→ **TASK INSTRUCTIONS**
Starting with the line below that holds "organic traditions chlorella" and stopping after the line that holds "Nach Russland symbol", transcribe the lines exactly, leaving out all pictures.

→ **GIVEN RECORDS**
....................
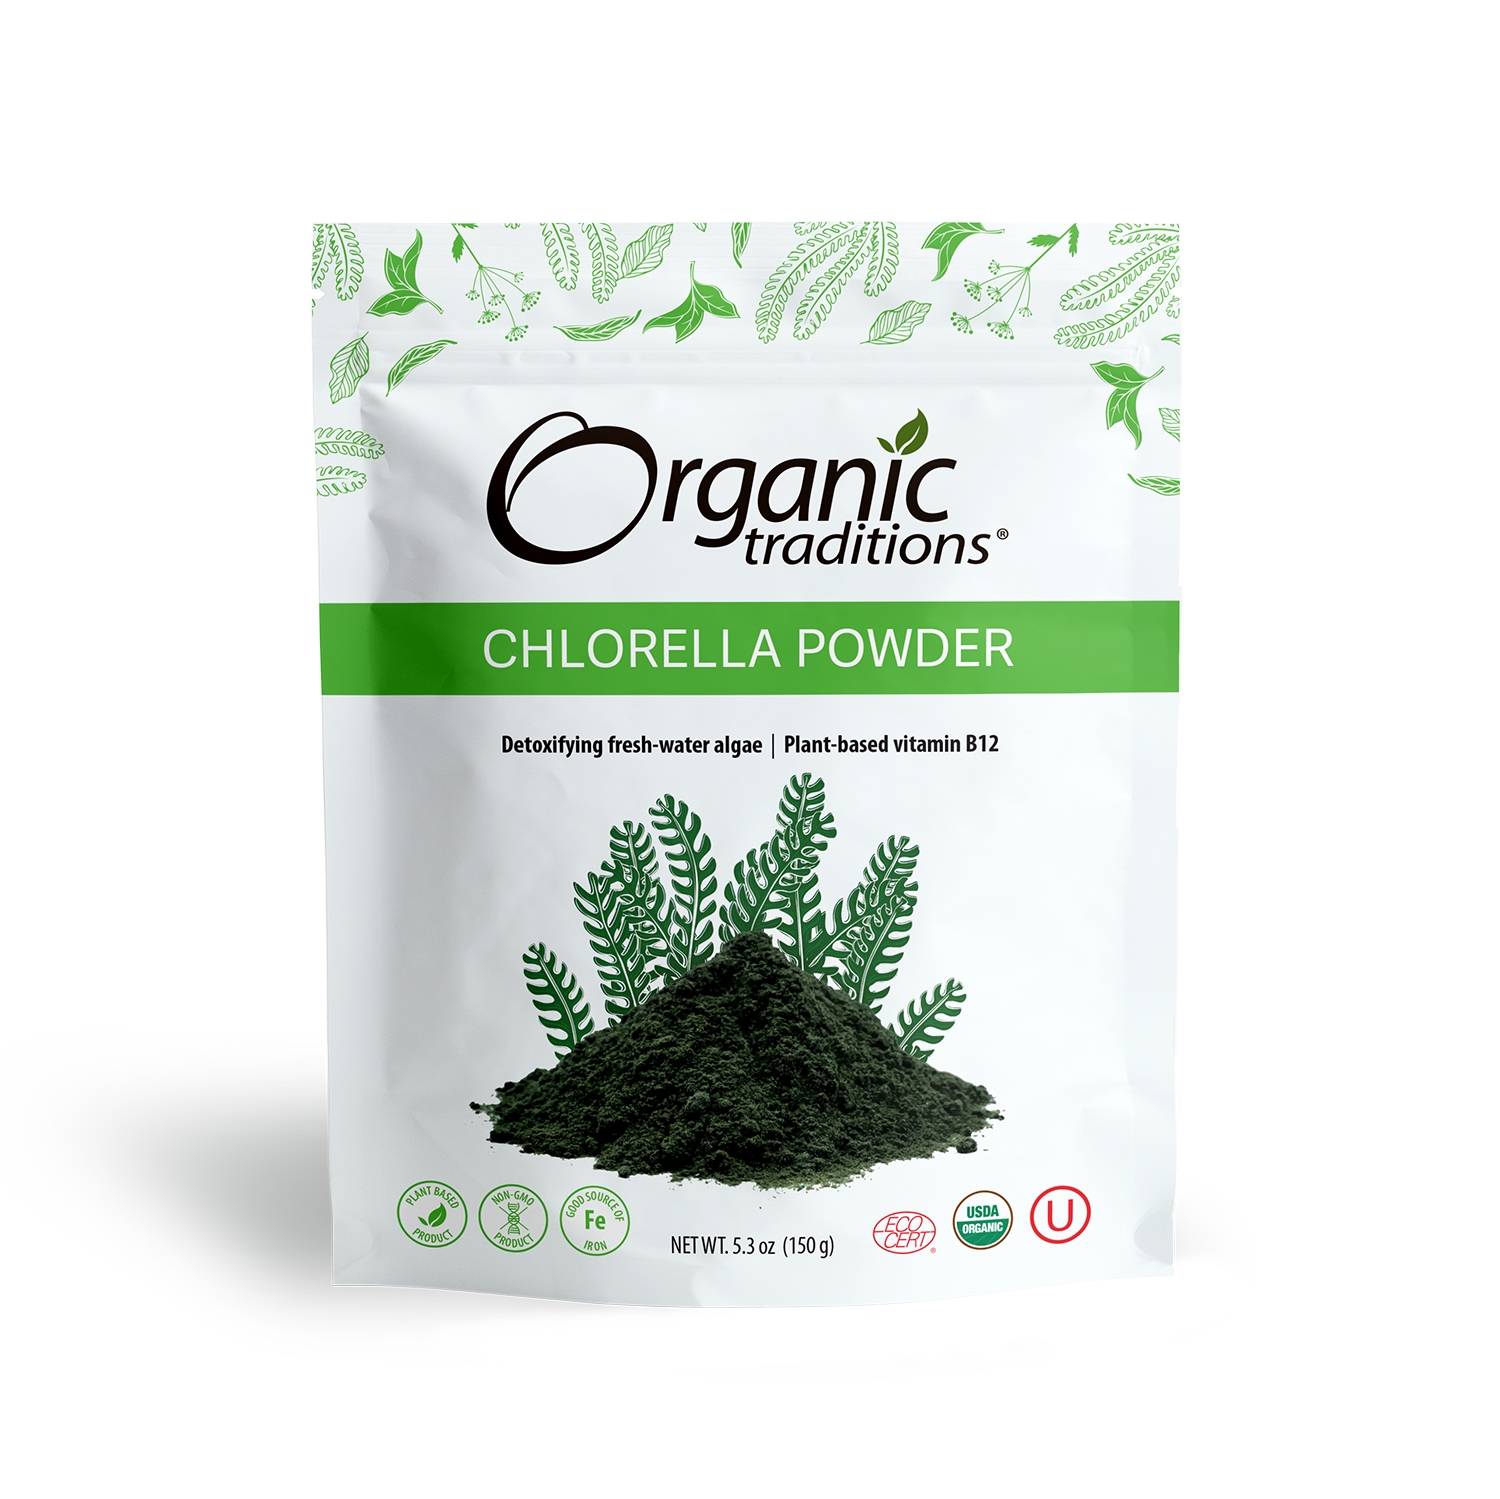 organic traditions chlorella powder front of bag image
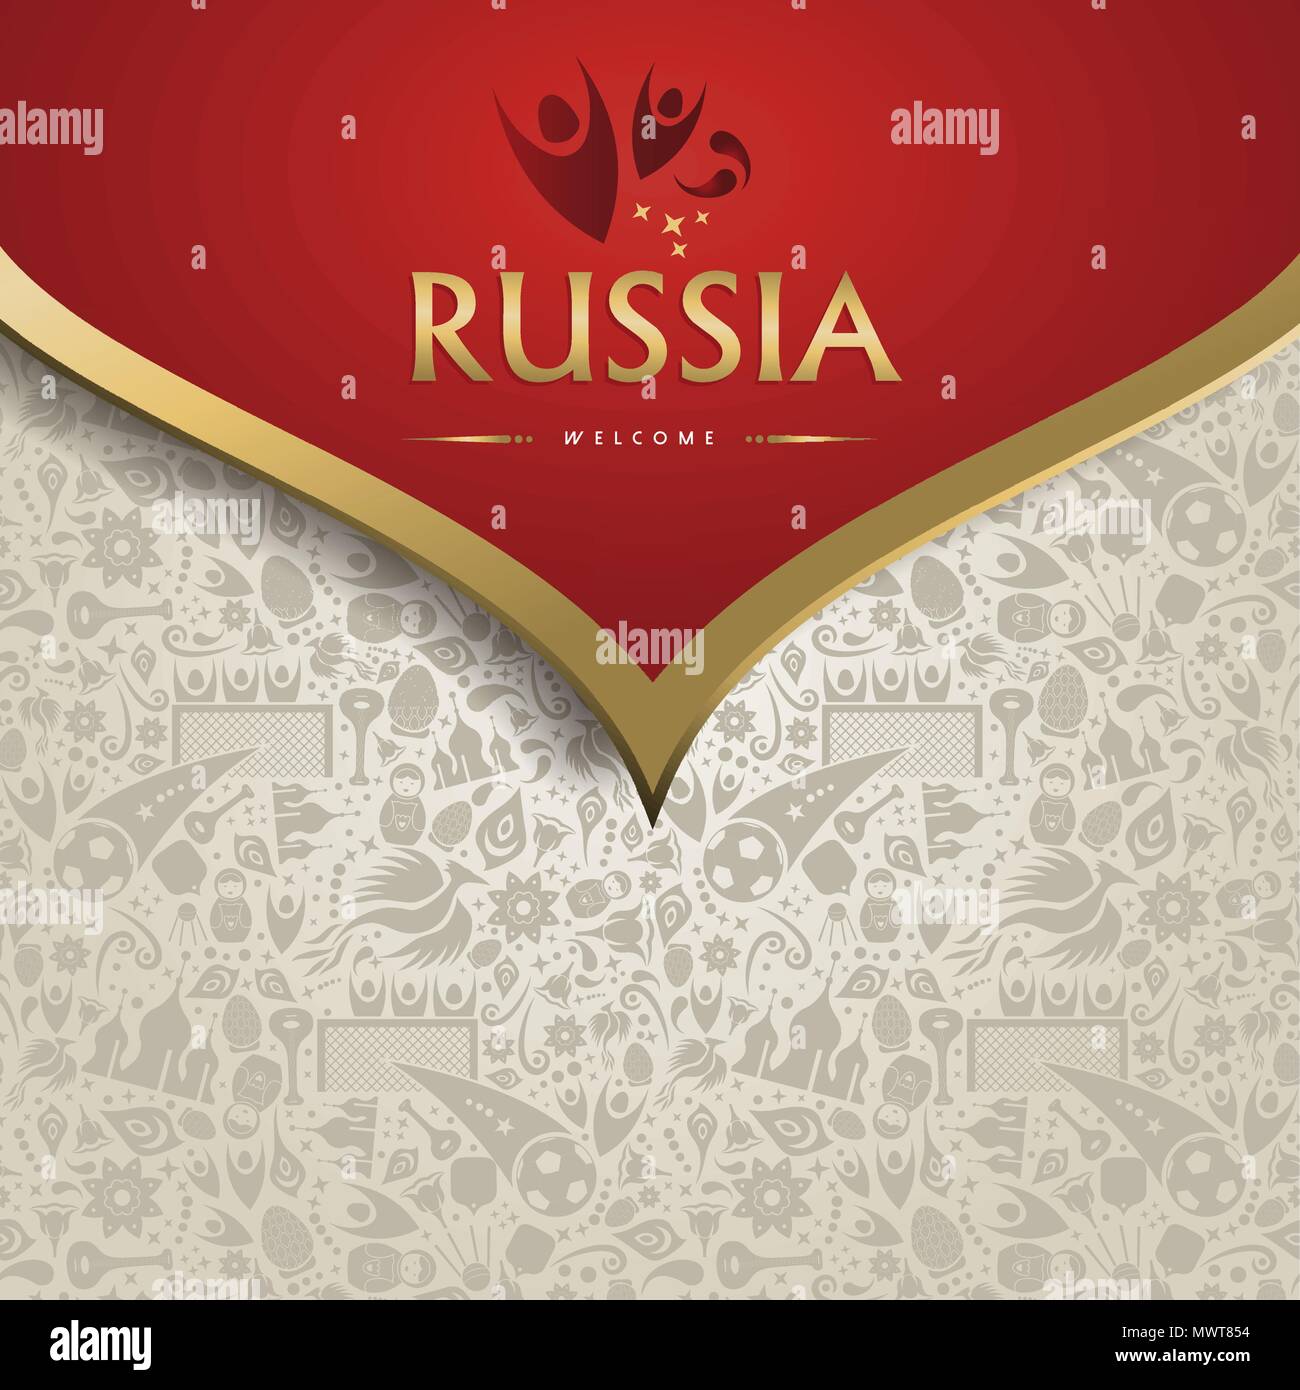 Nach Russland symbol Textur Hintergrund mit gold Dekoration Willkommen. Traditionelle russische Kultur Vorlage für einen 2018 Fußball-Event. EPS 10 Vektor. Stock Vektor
....................
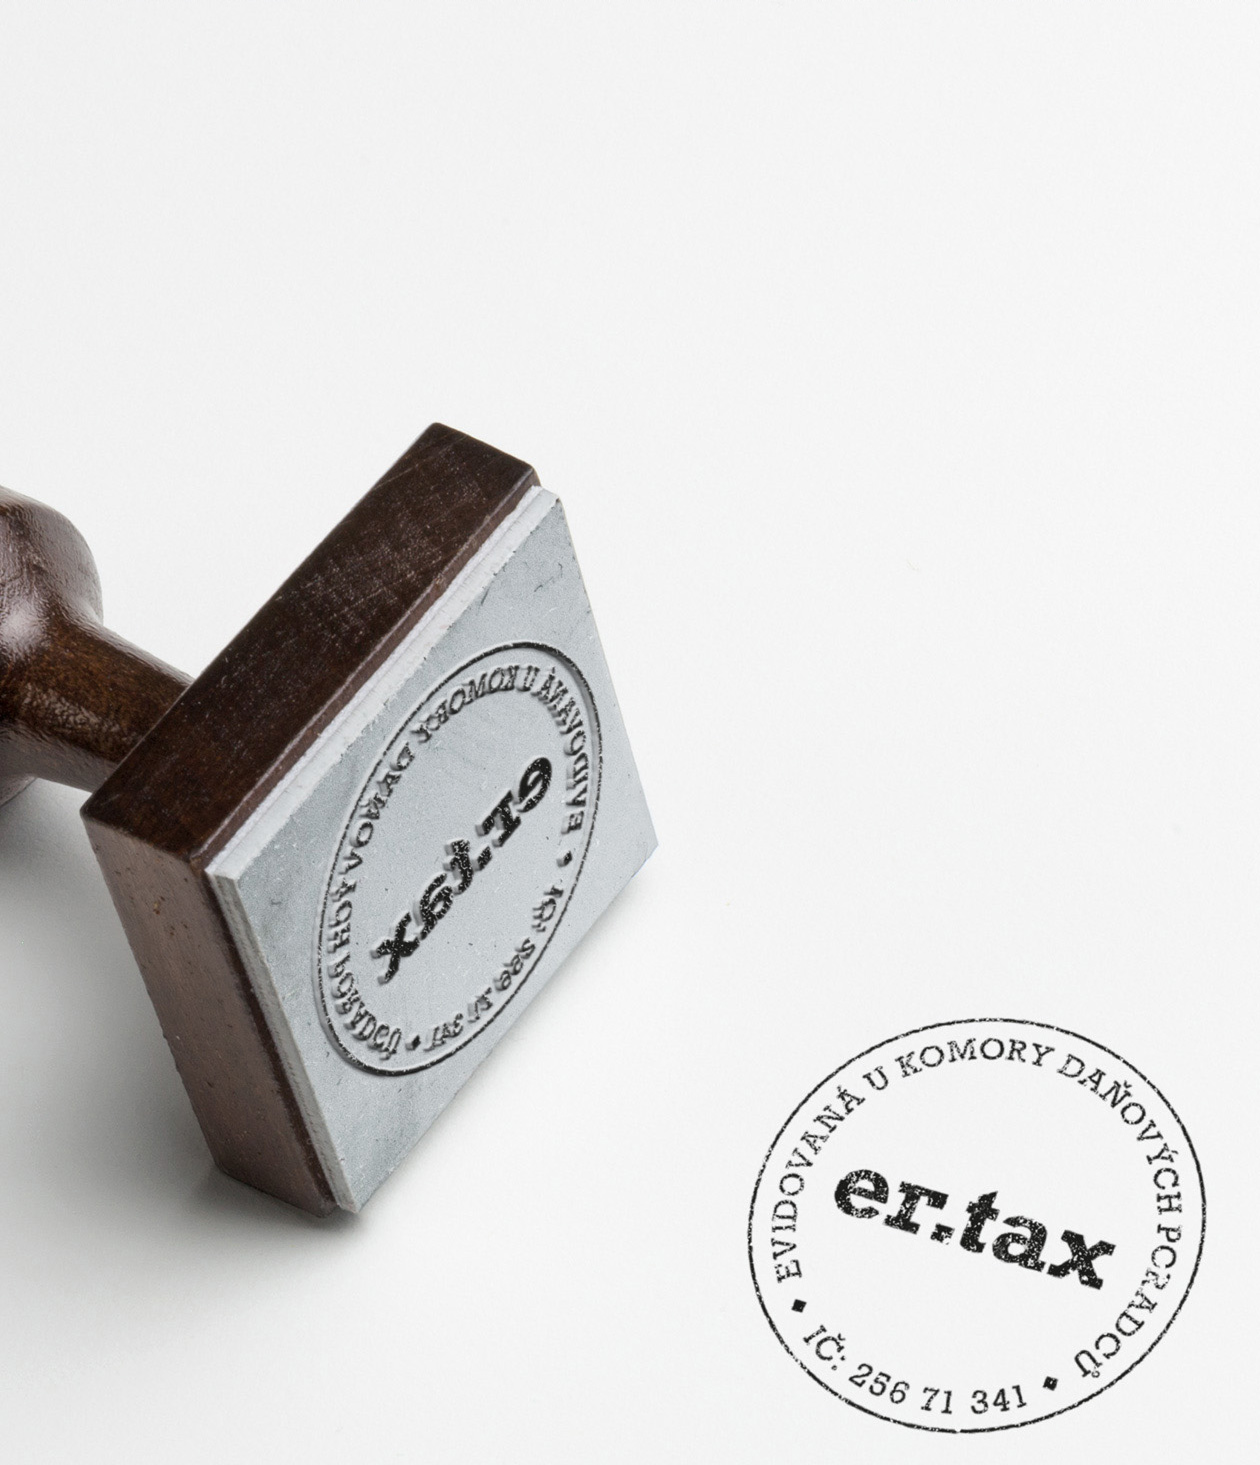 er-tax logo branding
....................
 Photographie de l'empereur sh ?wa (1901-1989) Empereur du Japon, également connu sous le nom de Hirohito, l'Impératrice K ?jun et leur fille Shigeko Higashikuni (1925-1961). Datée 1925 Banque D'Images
....................
→ **ANSWER TO THIS PROBLEM**
 organic traditions chlorella powder front of bag image
 Nach Russland symbol Textur Hintergrund mit gold Dekoration Willkommen. Traditionelle russische Kultur Vorlage für einen 2018 Fußball-Event. EPS 10 Vektor. Stock Vektor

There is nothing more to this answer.